Visite guidée des lieux emblématiques de Lyon

4 food courts ailleurs en France

La Gare du Sud à Nice

Inaugurée en 1892, la Gare du Sud a accueilli durant un siècle trains et voyageurs. Après une mise en sommeil, elle renaît en 2019 en food court ambitieux abritant une trentaine de stands nourrissant les Niçois du petit déjeuner à tard dans la nuit.
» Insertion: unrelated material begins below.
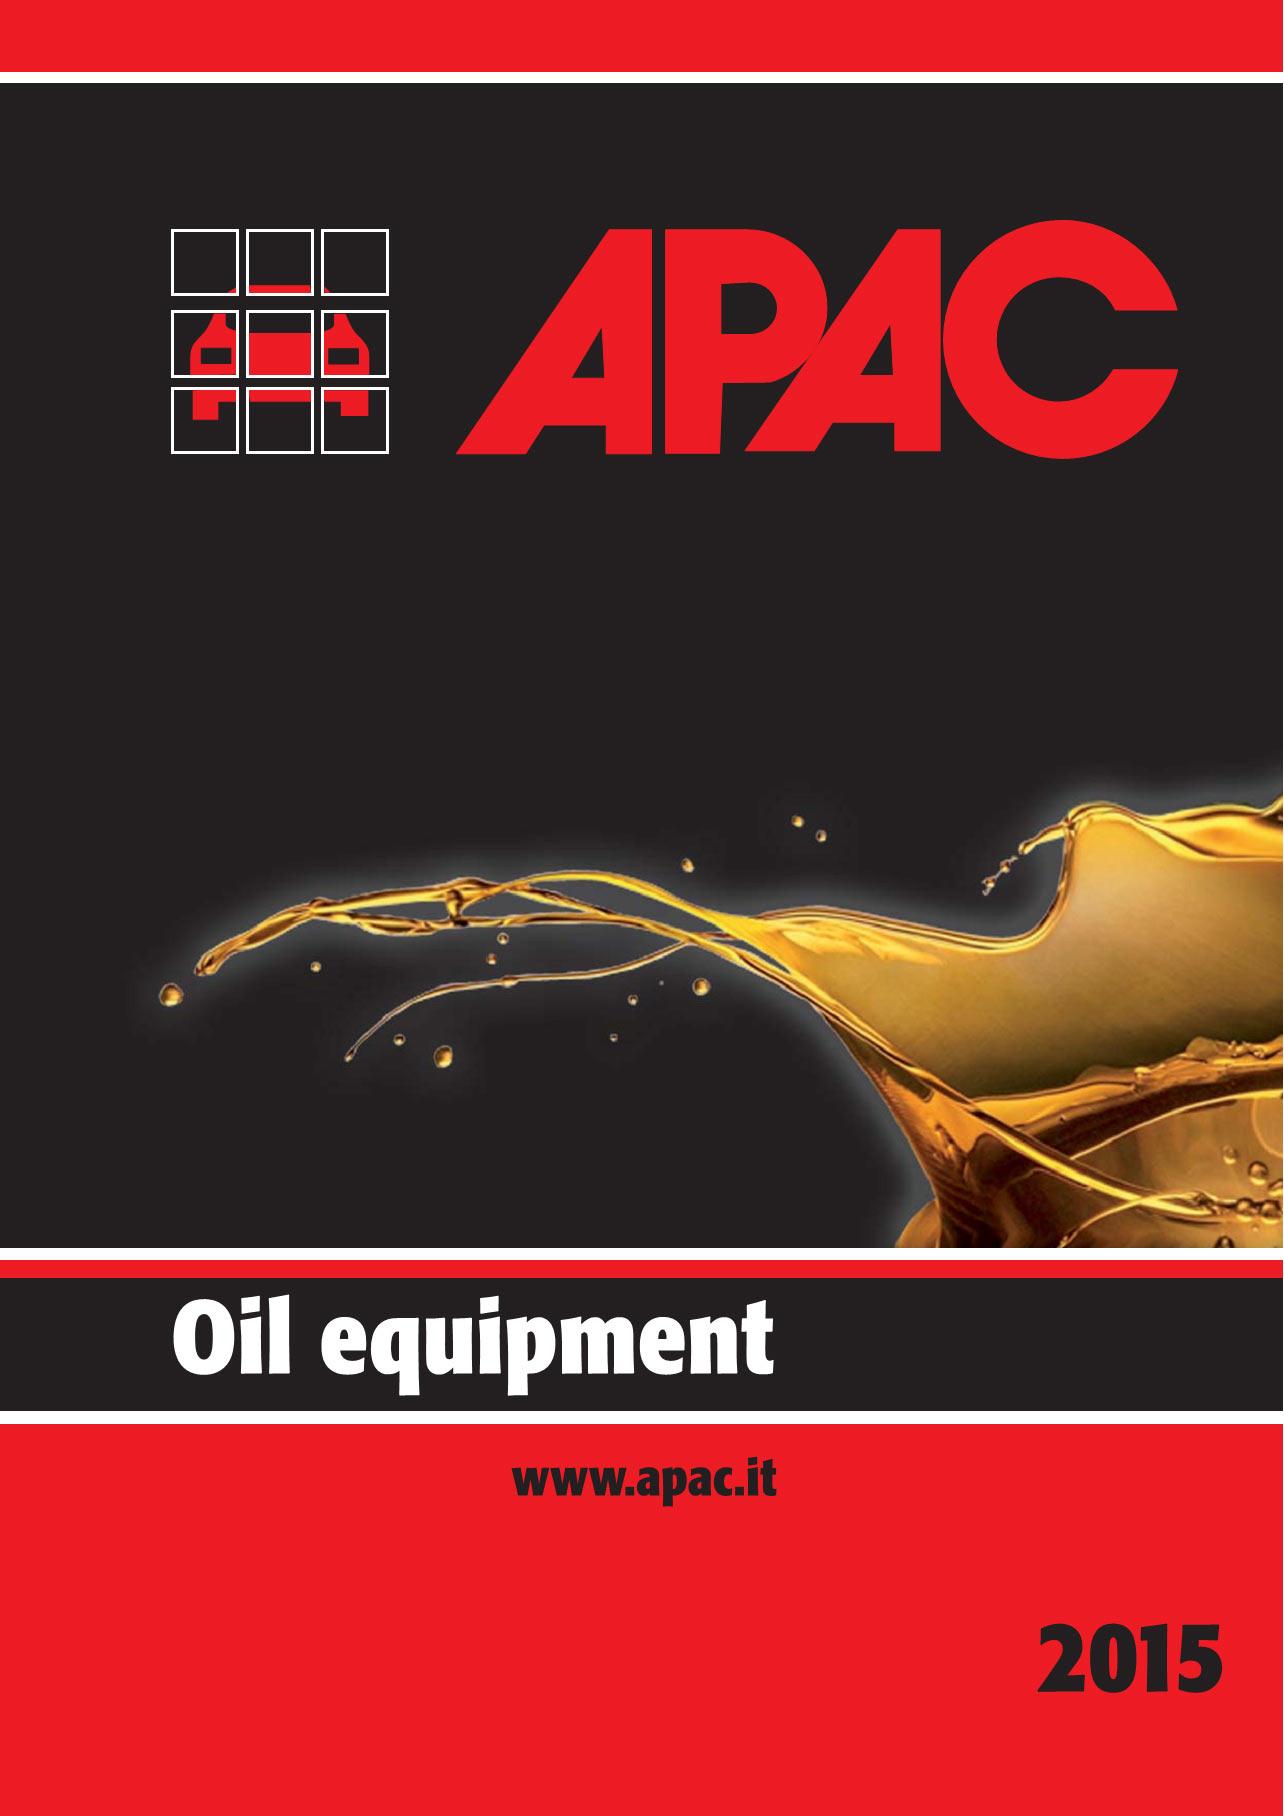 Apac katalog

Entouré du très populaire marché de la Libération, c'est le nouveau hot spot gourmand à quelques minutes de la promenade des Anglais.

www.lagaredusud.com

Le Marché du Lez à Montpellier

Le Marché du Lez s'est installé en 2016 dans d'anciens locaux industriels et agricoles en bordure du fleuve le Lez. Une dizaine de stands de street-food mais aussi des brocanteurs, des boutiques, un marché de producteurs, des ateliers d'artistes et un beau programme culturel confèrent au lieu une atmosphère bohème.

www.marchedulez.com

Ground Control à Paris

Situé à proximité de la Gare de Lyon, dans une ancienne halle de tri postal de la SNCF, Ground Control héberge depuis 2013 une quinzaine d'étals où l'on commande ses plats et boissons avant de trouver une place dans les 4 000 m² de ce food court taille XXL. Un concept-store, une librairie pointue ou un corner pour acheter des plantes complètent l'offre de ce lieu qui programme aussi des ateliers et des événements culturels.
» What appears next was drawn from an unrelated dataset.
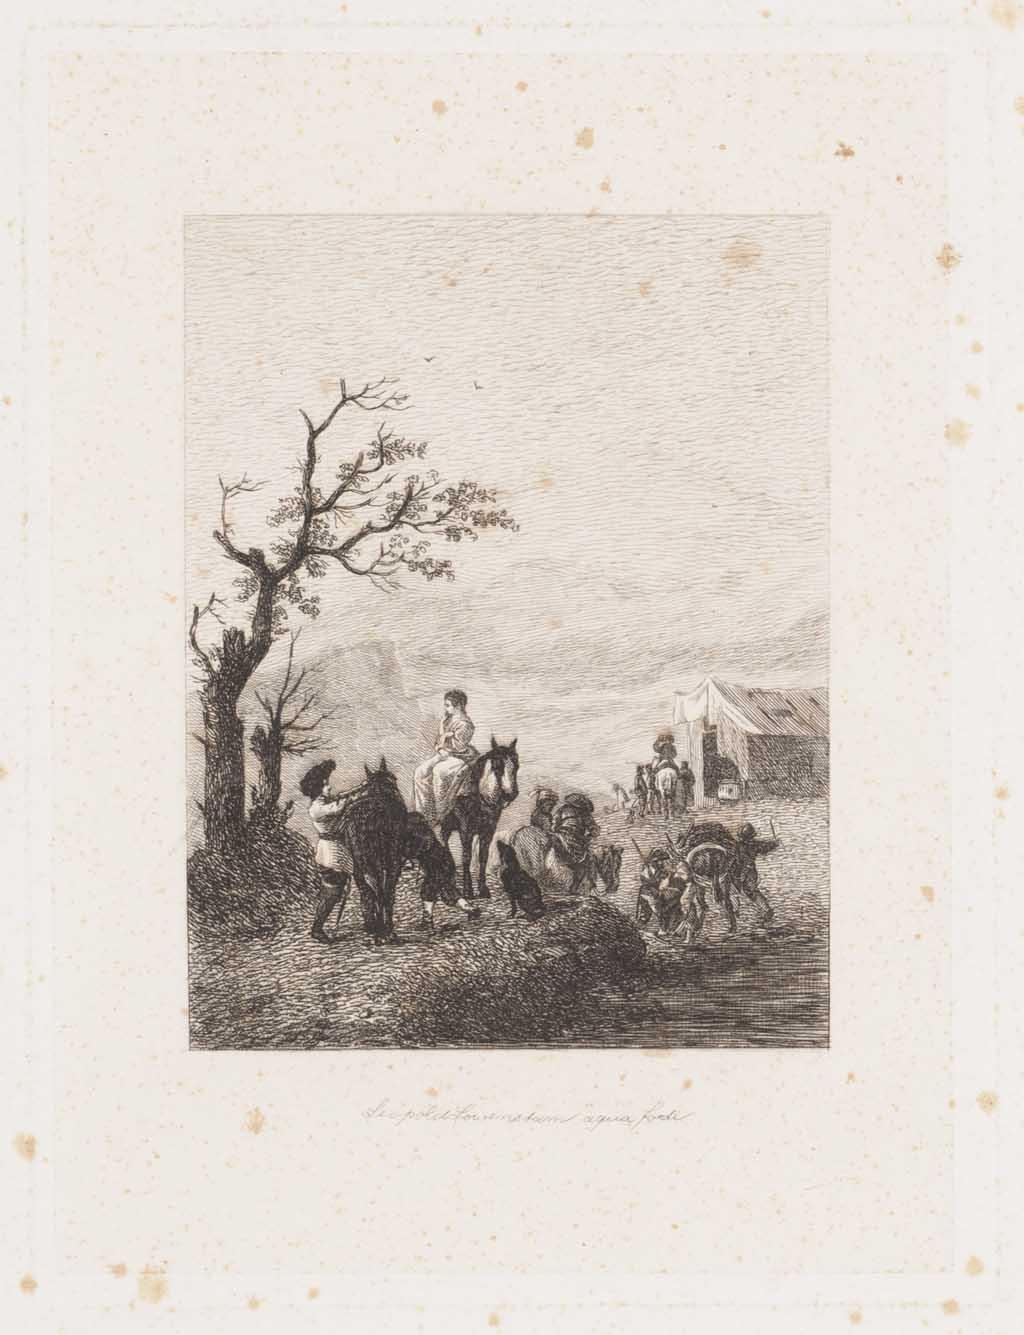 Serie van 37 etsen door Leopold Löwenstam naar 17de-eeuwse schilderijen

www.groundcontrolparis.com

Grand Scène à Lille

Ce nouveau temple de la street-food est très attendu des Lillois. Grand Scène doit ouvrir ses portes ce printemps, dès que les conditions sanitaires autoriseront les foodies à se ruer sur les 10 stands et 2 bars de cet espace pouvant accueillir jusqu'à 800 personnes dans le vieux Lille. Comme beaucoup de food courts, ce sera aussi un lieu de vie et de culture. Des gradins permettront au public de se sustenter face aux chefs officiant derrière leurs fourneaux.